À guisa de conclusão, se as ETAP’s representam uma tecnologia limpa para o tratamento de águas residuais, com evidentes vantagens sobre os sistemas convencionais, no que se refere aos problemas ambientais decorrentes desse tratamento, as Piscinas Biológicas representam também uma tecnologia limpa mas agora com funções lúdicas, estéticas, paisagísticas e de contributo para a saúde mental dos utilizadores, bastante evidentes. Para além disso são inofensivas para a pele, olhos e cabelos, contribuem para a manutenção de biodiversidade ao criar um micro-ecossistema utilizável por avifauna palustre, anfíbios e répteis, contribuem para a diminuição de melgas e mosquitos porque a água tem demasiado oxigénio e devido à presença de predadores, têm baixo custo energético, são silenciosas, não emitem cheiro e têm manutenção irrelevante (corte das plantes secas nas margens, remoção de folhas mortas, reposição da água evapo-transpirada e limpeza do fundo no compartimento de natação com um aspirador de 2 em 2 meses a partir da Primavera ou por queda se o declive o permitir).

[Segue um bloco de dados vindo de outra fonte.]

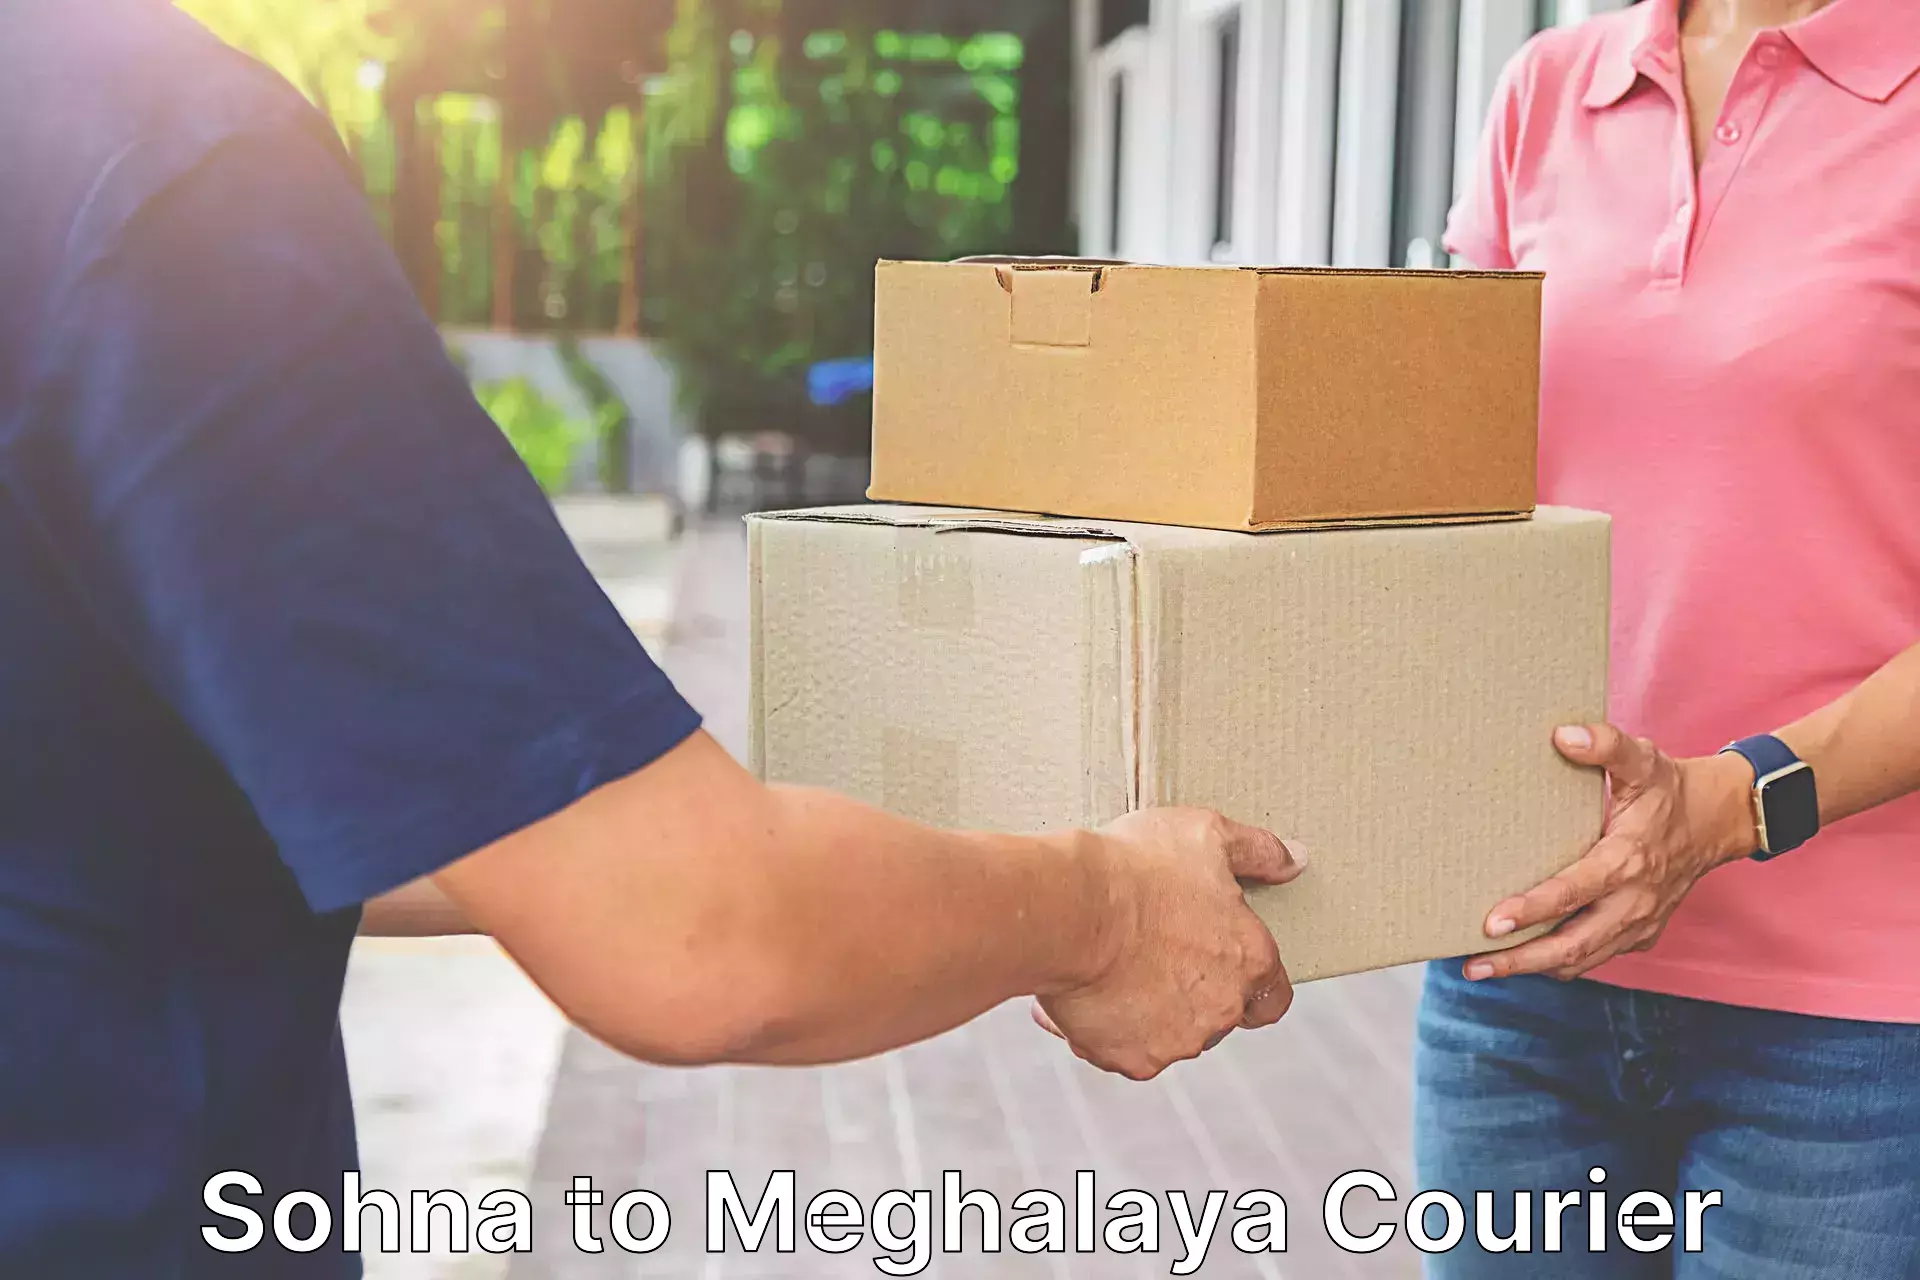 End-to-end delivery in Sohna to Meghalaya

Com base em tudo isto, torna-se evidente que a opção pela construção de uma Piscina Biológica afinal não passa por grandes dificuldades ou grandes custos, bastando para isso um pouco de informação e alguma vontade por parte de quem quer e pode construir uma piscina. Já as ETAP’s dependem das vontades políticas na grande maioria dos casos, ou por vezes, da disponibilidade de terrenos, razões pelas quais já não me parece tão viável vê-las proliferar pelo menos num futuro próximo. No entanto, há que ter a esperança de que um dia se privilegiem estes sistemas em detrimento dos convencionais.

 

Bibliografia

- Melo, M.J., “Ókeágua – Piscinas Eco-Sustentáveis”
- Soares, A. L., Ferreira, A. P., “Fito-ETAR’s: Alternativa Tecnológica”, Mestrado Luso-Brasileiro em Gestão e Políticas Ambientais, Módulo de Gestão e Tecnologias Ambientais, Universidade de Évora, 2001.